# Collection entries
===

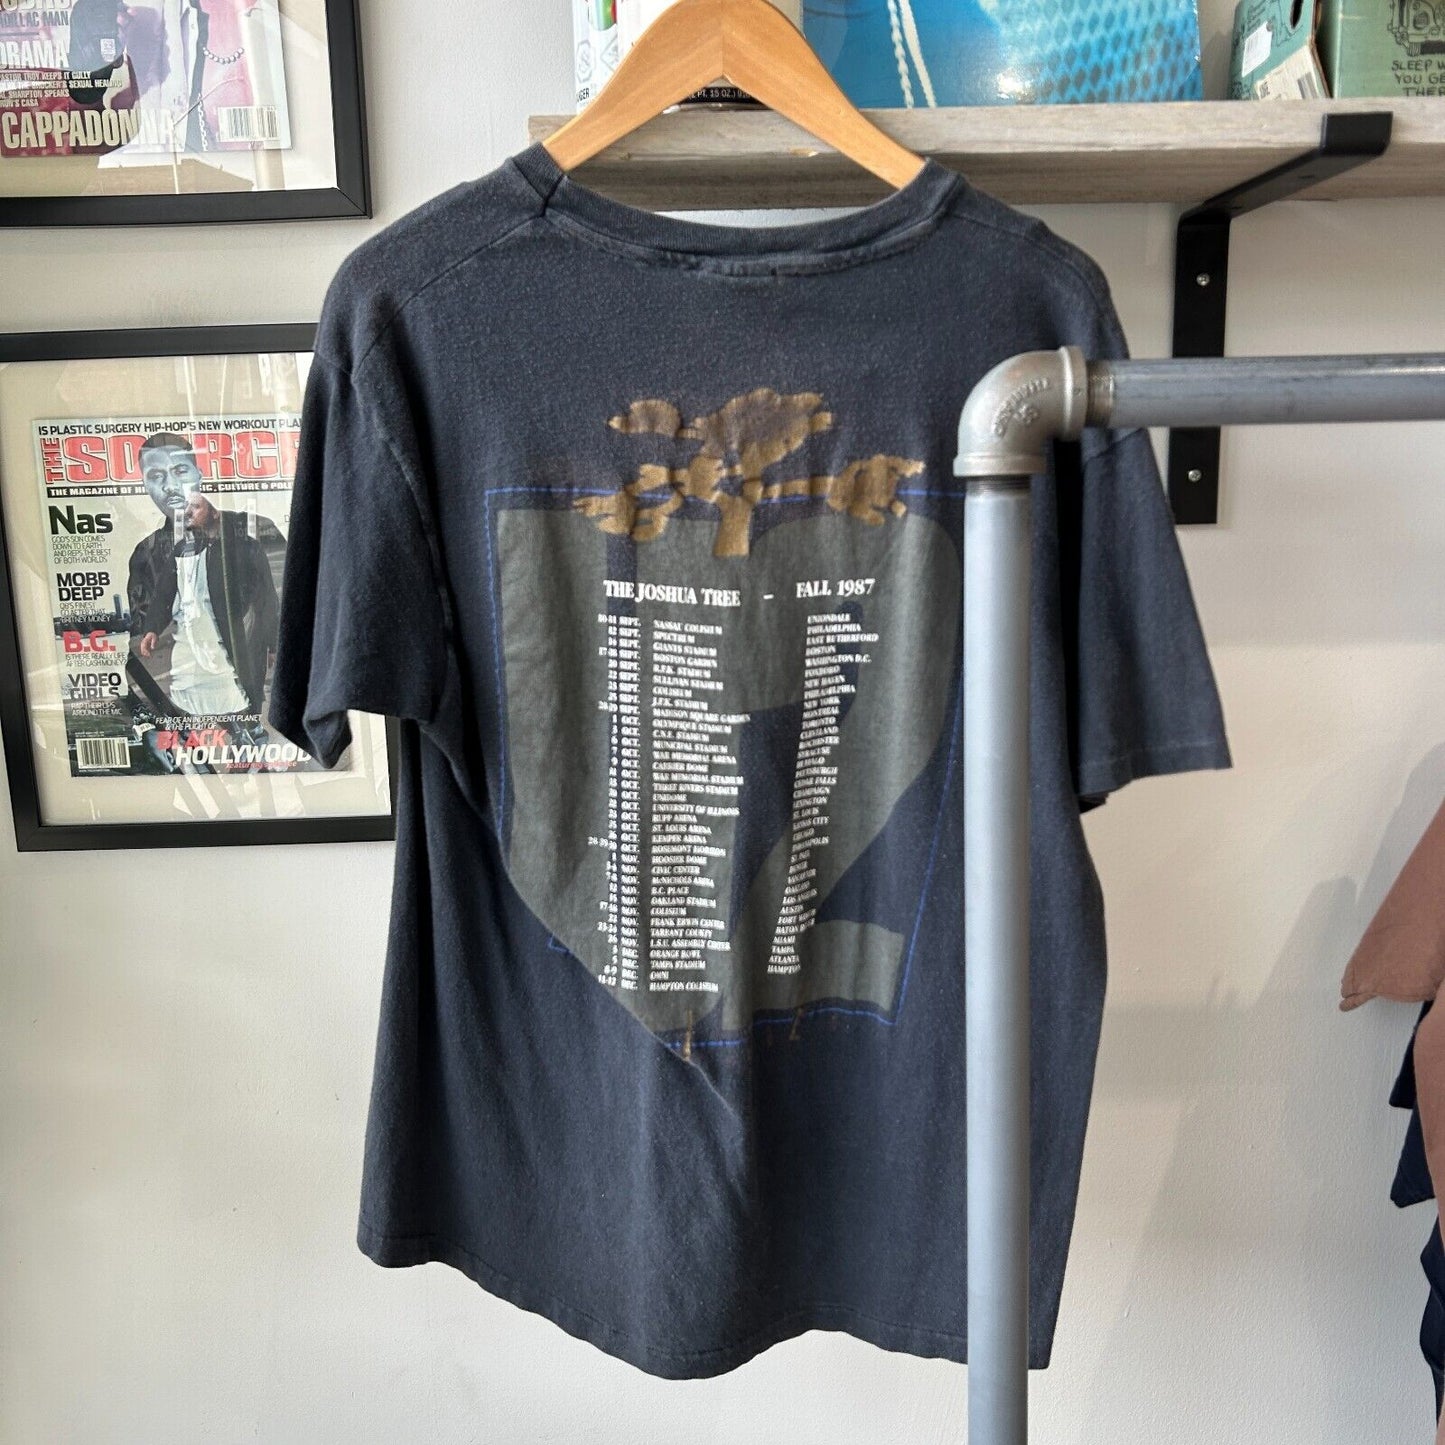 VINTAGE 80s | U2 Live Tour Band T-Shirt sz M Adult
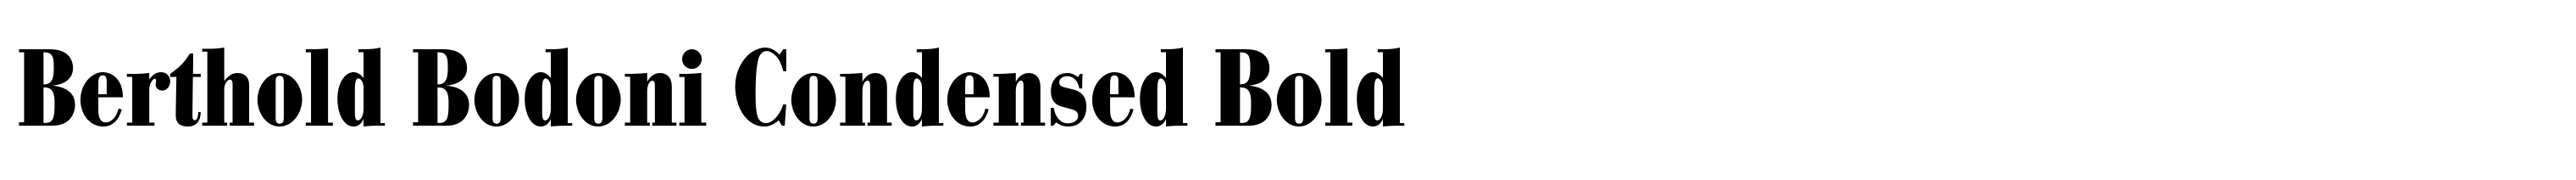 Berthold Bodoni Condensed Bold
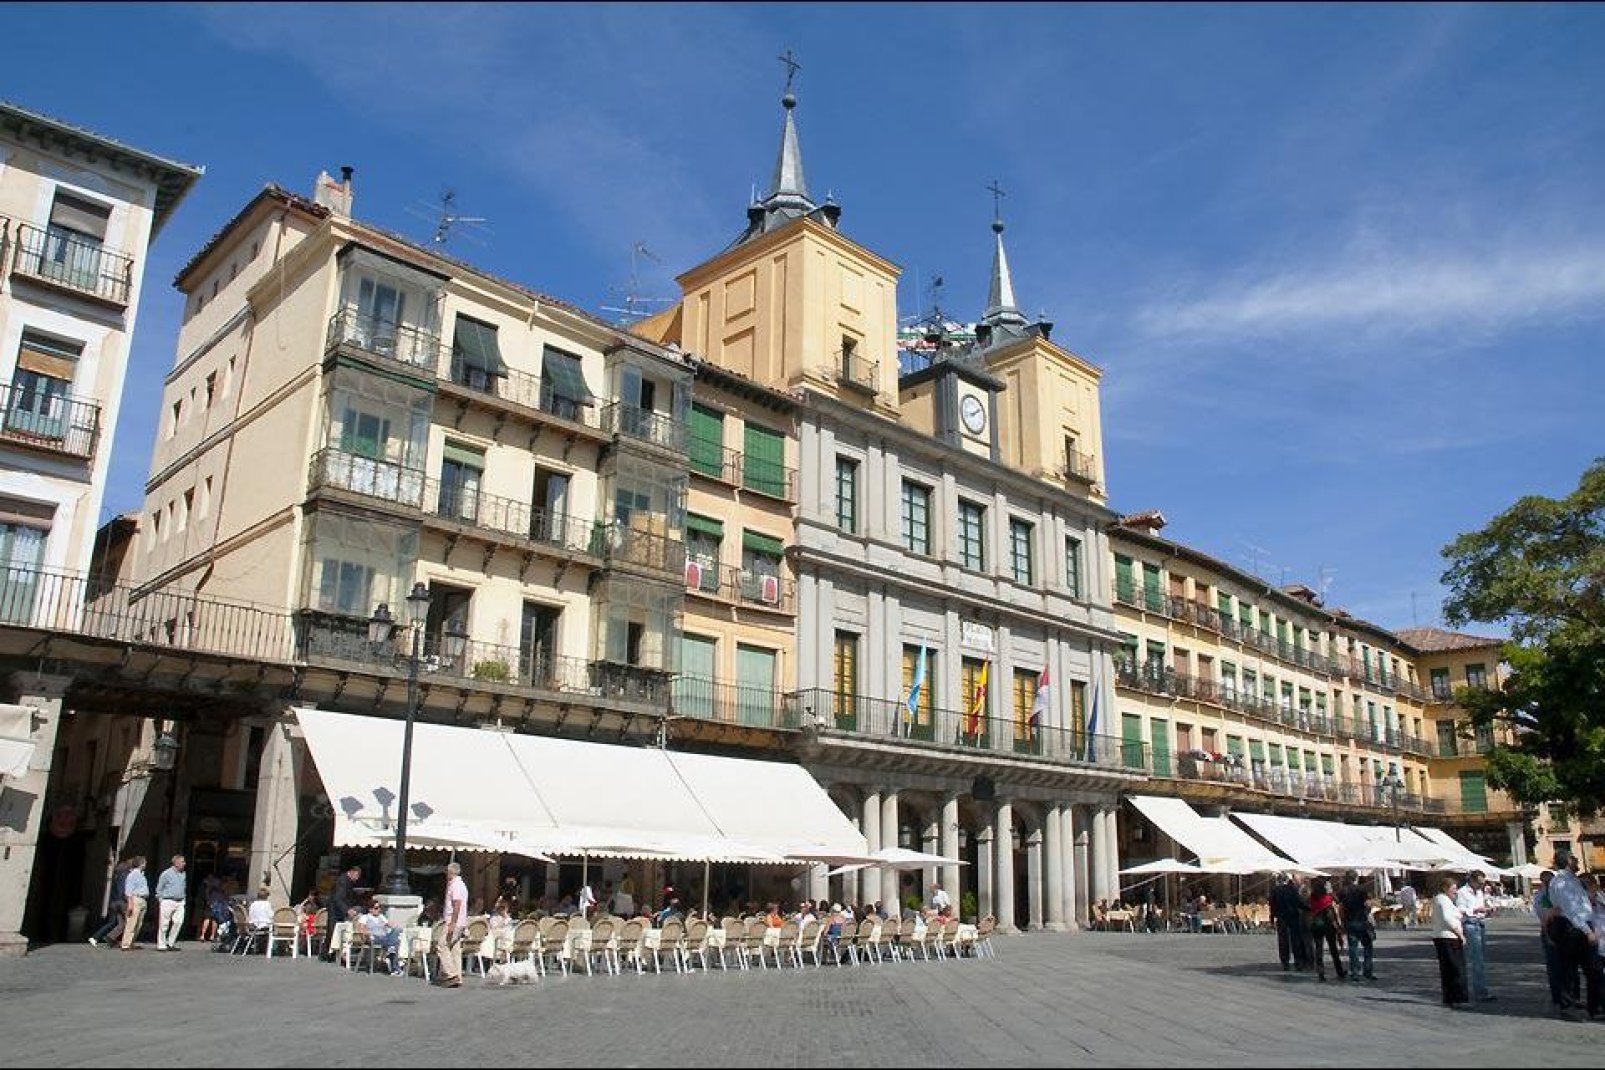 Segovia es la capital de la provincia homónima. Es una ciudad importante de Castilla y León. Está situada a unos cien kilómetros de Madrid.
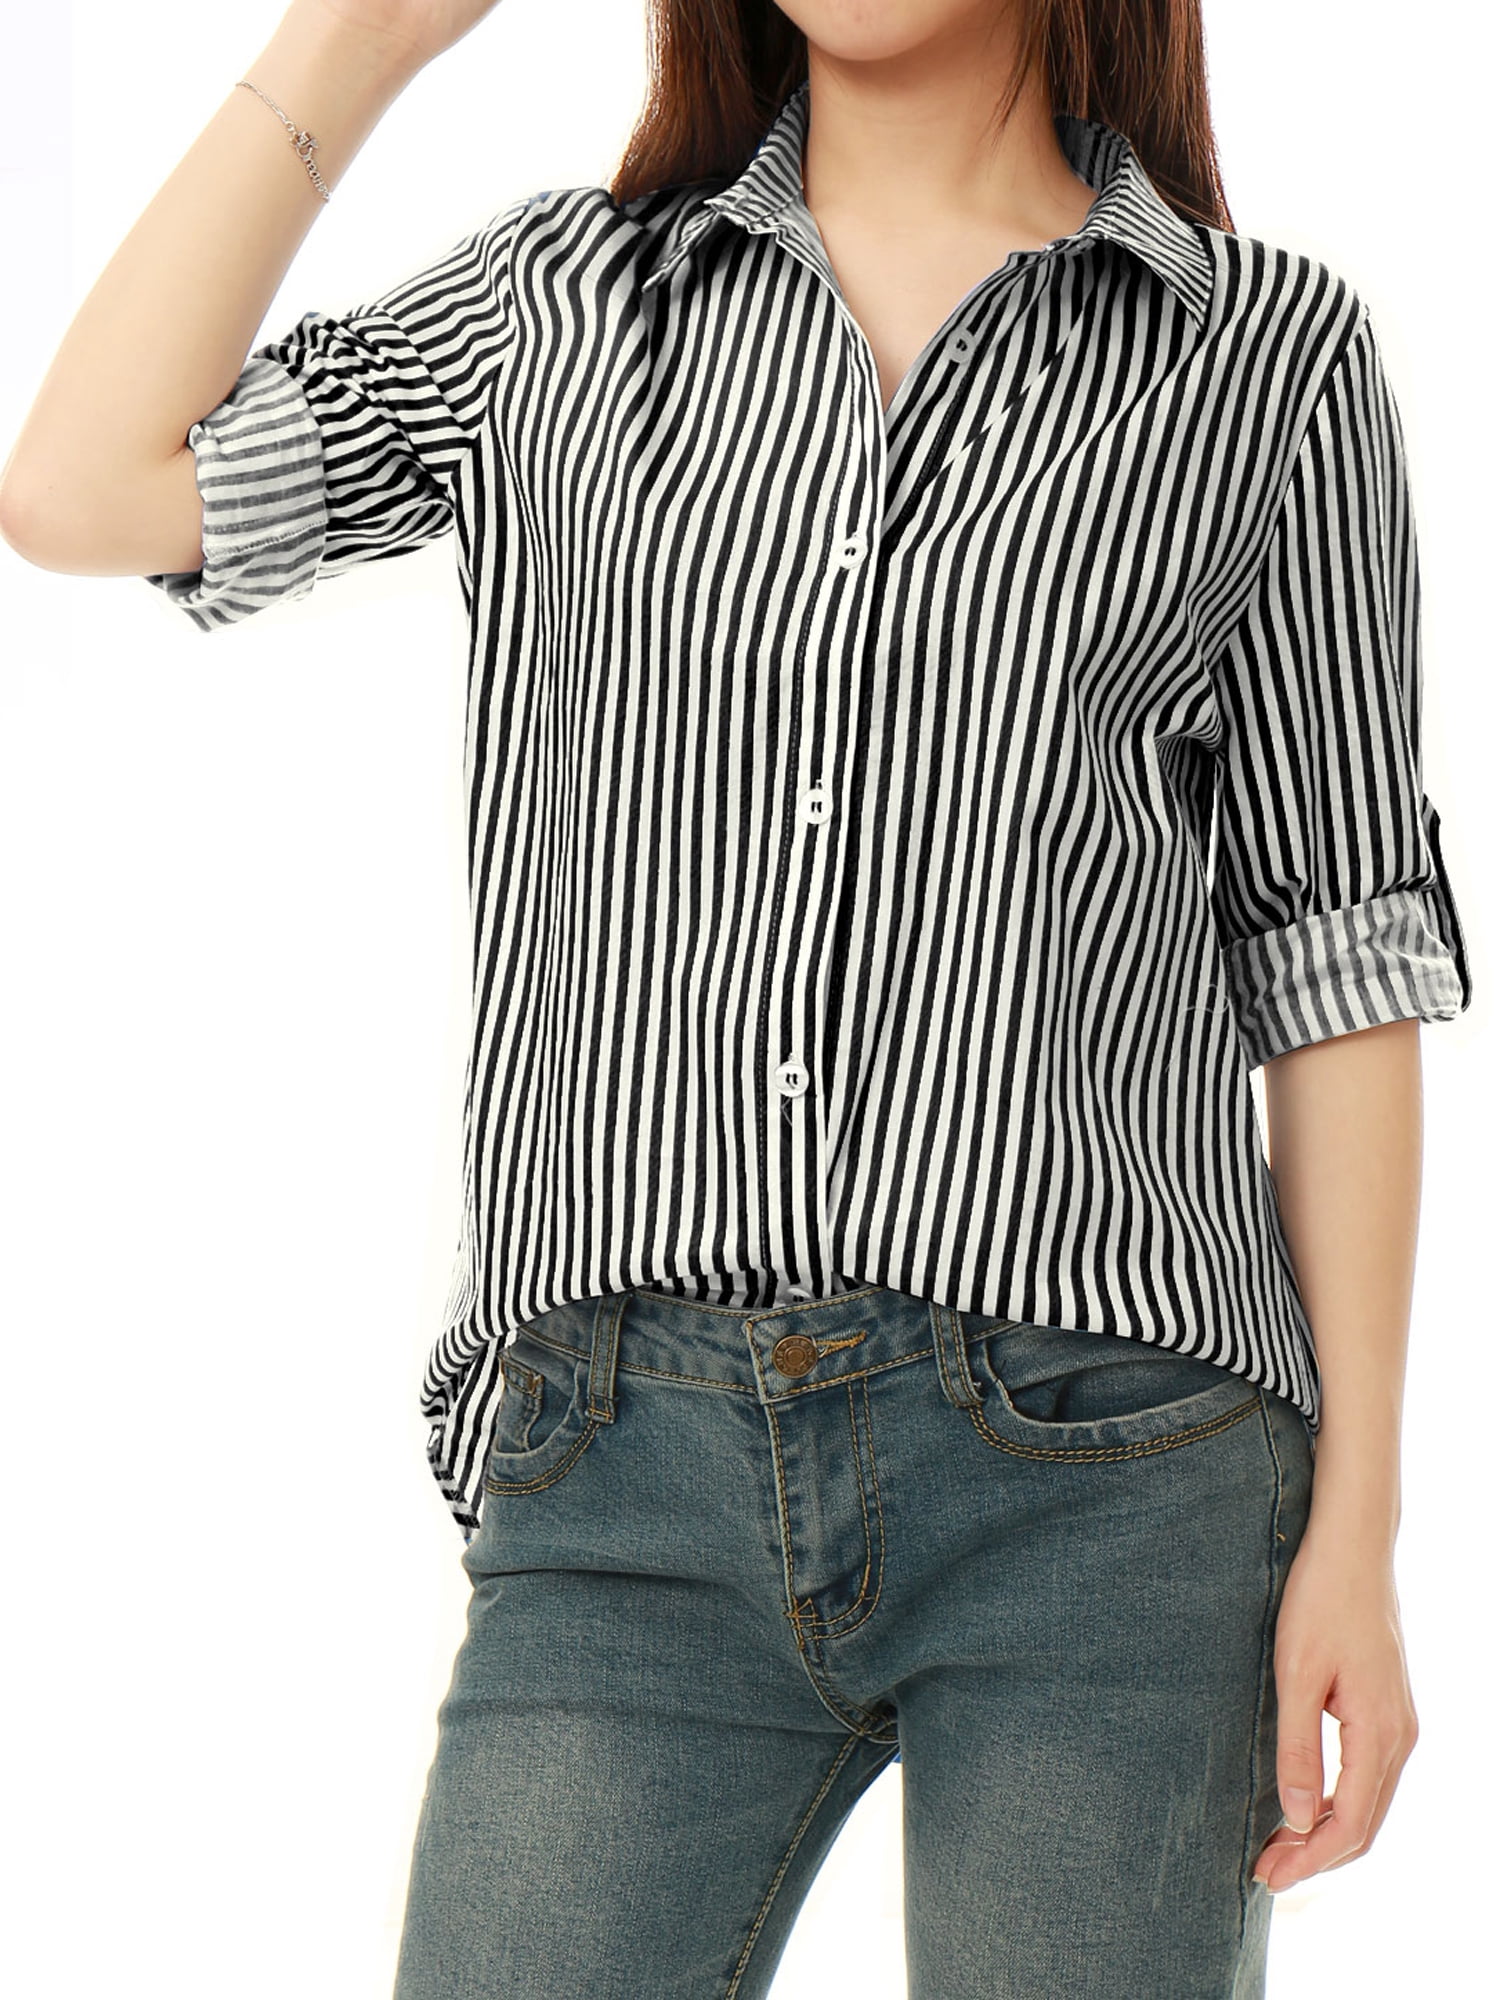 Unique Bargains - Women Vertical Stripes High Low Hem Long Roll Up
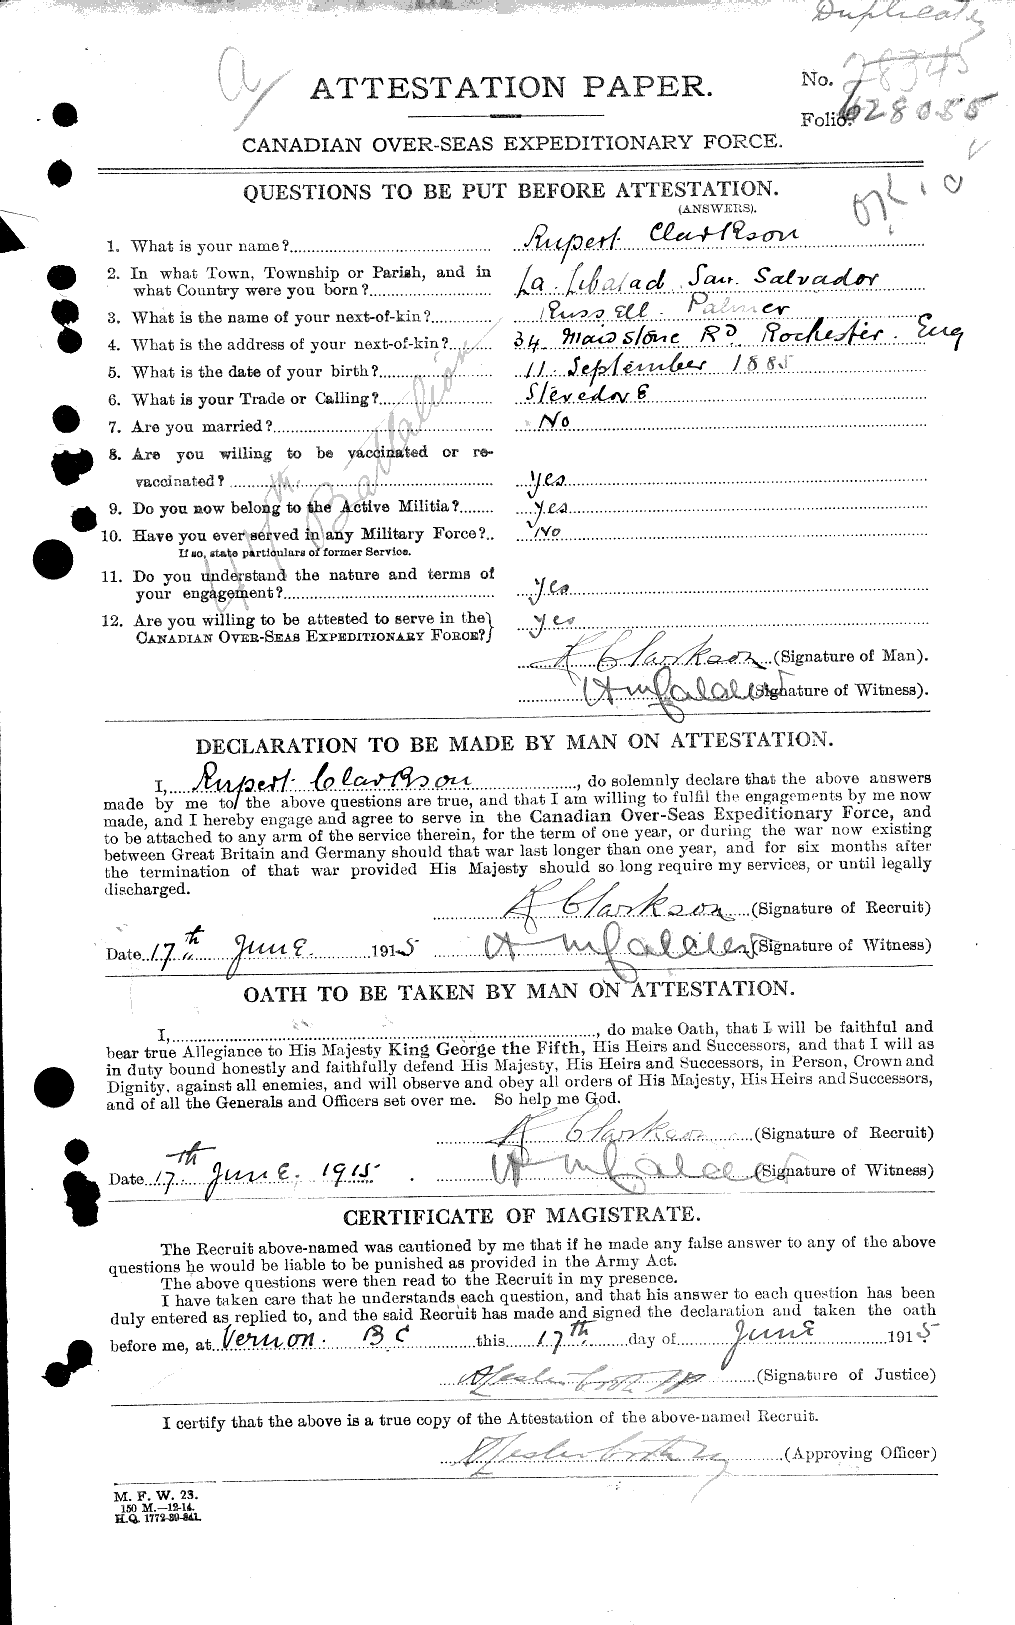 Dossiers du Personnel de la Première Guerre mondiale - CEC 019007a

===

# EXERCISE INSTRUCTIONS
Set down the lines from the one containing "Berthold Bodoni Condensed Bold" through the last line of the records above, both included, exactly as they appear and with no other text. Pictures should not be set down.

# SOLVED EXERCISE
 Berthold Bodoni Condensed Bold
 Segovia es la capital de la provincia homónima. Es una ciudad importante de Castilla y León. Está situada a unos cien kilómetros de Madrid.
 Unique Bargains - Women Vertical Stripes High Low Hem Long Roll Up
 Dossiers du Personnel de la Première Guerre mondiale - CEC 019007a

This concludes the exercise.